On voit que pour Trump mettre la pression s’apparente d’abord à faire de l’air. En effet, tous les journalistes qui relayent les bulletins des agences de presse qui eux-mêmes reprennent les communiqués du service de presse de la Maison Blanche, ne se posent pas la question de savoir en quoi ces multiples pressions sont efficaces. Les journalistes ne se mettent pas vraiment la pression pour le comprendre, comme ils ne se mettent guère la pression pour chercher et trouver aux expressions qu’ils ont apprises à l‘école de journalisme. Si on comprend bien les journalistes répètent les formules des attachés de presse qui sont pour la plupart des anciens journalistes. Trump en vérité est un président très passif qui ne fait pas grand-chose. Ce velléitaire signe par exemple des décrets en quantité devant des journalistes abasourdis qui devant autant d’audace confuse ne se demandent pas pourquoi la plupart de ces décrets très audacieux ne sont jamais appliqués. La moitié ne sont pas conformes à la constitution et tombent dans l’oubli, l’autre moitié ne verra jamais le jour. 

 

Mettre la pression pour Trump ça signifie affronter tout seul des institutions. C’est l’homme seul contre le reste du monde entier. Il défie individuellement tout ce qui bouge, c’est-à-dire toute organisation plus ou moins collective. En ce sens il est un révolutionnaire puisqu’il nous explique que non seulement il ne veut respecter aucune règle, mais qu’en plus il demande et exige que ces règles soient changées. C’est une sorte d’enfant capricieux que plus personne ne fait semblant d’écouter. Les sales gosses finissent toujours par lasser leur auditoire avec leurs exigences incessantes. Au début on fait semblant de céder pour qu’ils nous foutent la paix, mais dans un deuxième temps on lui fait savoir qu’il agace. Le troisième temps qui vient est celui de la moquerie et de la menace de ne plus l’écouter. C’est cer qui se passe aujourd’hui. Avec la crise du coronavirus, puis les conséquences de l’assassinat de George Floyd, Trump a été seul sur le devant de la scène., son concurrent Joe Biden restant par la force des choses silencieux. Mais les rodomontades de Trump ont montré qu’il était très faible et isolé, y compris dans son propre camp. Plus il parlait et moins on l’écoutait. On a appris à faire sans lui. Jusqu’à Washington où on a repeint l’avenue qui mène à la Maison Blanche d’un Black lives matter géant qui pouvait se voir du haut du ciel. Avant même la fin de son mandat, les Américains ont mis en place un système qui montre que le président ne sert à rien… et ça se voit. Ce qui veut dire qu’on ne s’apercevra pas de son départ en novembre. 

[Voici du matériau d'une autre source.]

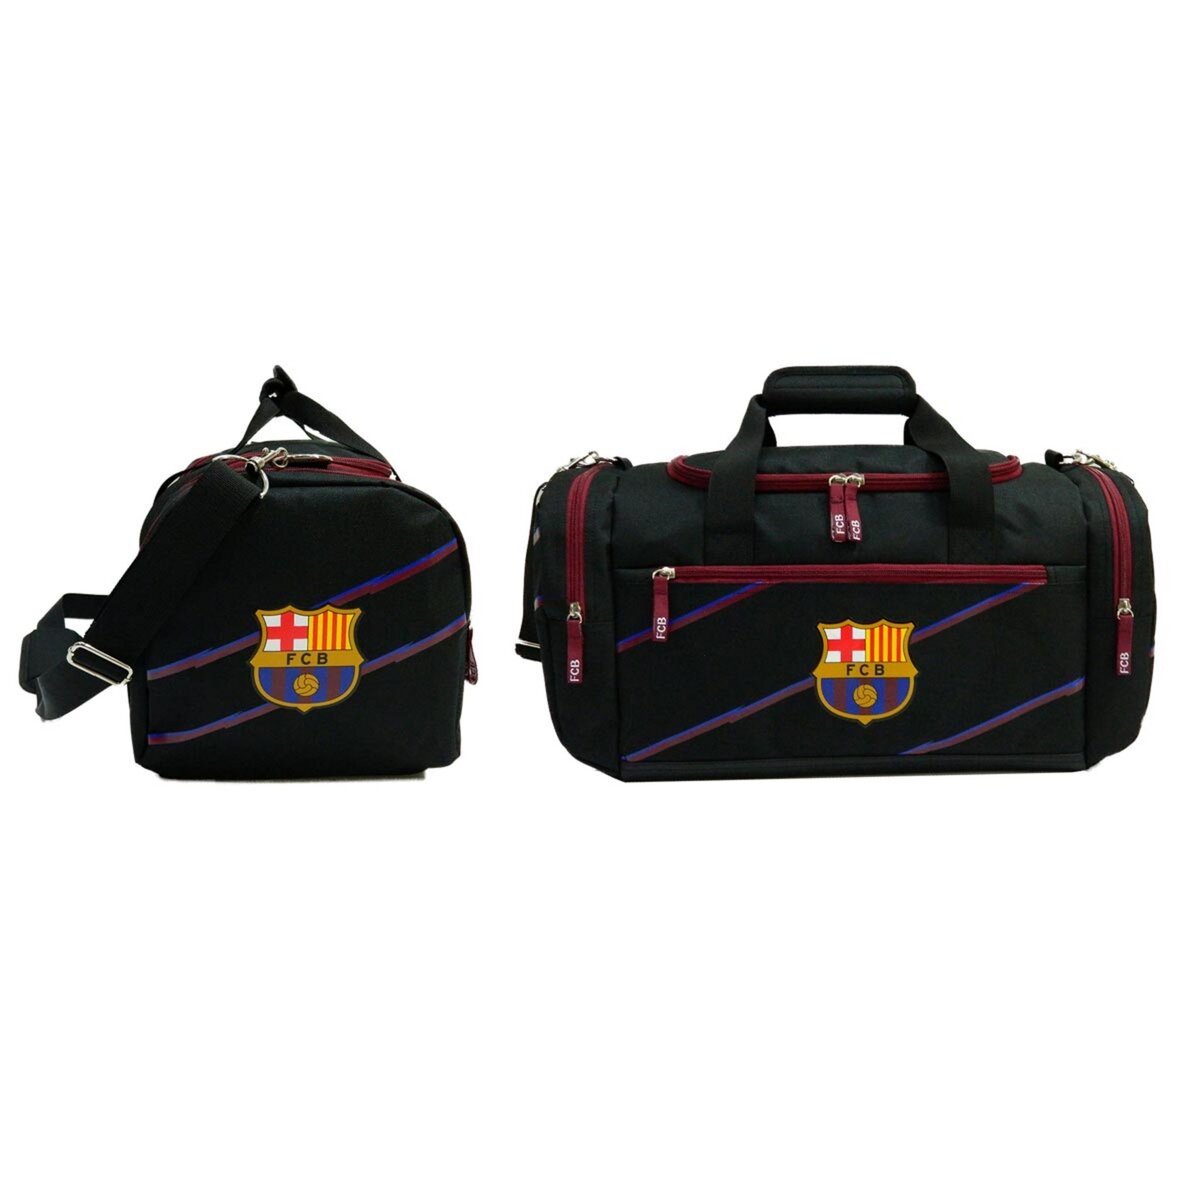  Sac de sport 1 compartiment + 3 poches 50cm garçon FC Barcelone noir

Ainsi va la vie des bouffons qui mettent la pression. Ce sont toujours des hommes faibles qui mettent la pression. En France nous avons-nous aussi un velléitaire de compétition. Tous les deux jours la cellule de communication de l’Elysée nous explique que Macron met la pression sur Pierre, Paul ou Jacques. Evidemment on n’a jamais vu le général de Gaulle qui gouvernait pourtant mettre la pression. Macron met la pression, y compris sur lui-même puisque récemment il s’est menacé de se démissionner… pour se faire réélire ! C’est la nouvelle farce qui a couru ces derniers jours[1]. Quand le général de Gaulle a démissionné, suite à un référendum qu’il avait perdu, il l’a fait, et puis il est parti. Macron lui se met la pression, peut-être pour tester ce qu’il lui reste de popularité ! Regardons le titre ci-dessous. Emmanuel Macron met les préfets sous pression. Le sous-titre nous dit que c’est pour accélérer les réformes et les pousser à fond et jusqu’au bout. C’était en janvier 2020. Depuis de l’eau a passé sous les ponts, et la plupart des réformes qui étaient impératives pour l’équilibre des finances ont été renvoyées aux calendes grecques. Mais comme il ne peut pas dire qu’il abandonne son plan, il raconte de partout qu’il va le reprendre et le renforcer. Alors même que l’économie est à l’arrêt et que le chômage explose. Il met la pression sur l’opinion publique qui déjà, avant la crise sanitaire, était très hostile aux réformes macroniennes sensées renforcer l’offre. Mais au fond ce que fait et dit Macron n’aurait pas tout à fait la même importance, si les journalistes ne relayaient pas bêtement les messages.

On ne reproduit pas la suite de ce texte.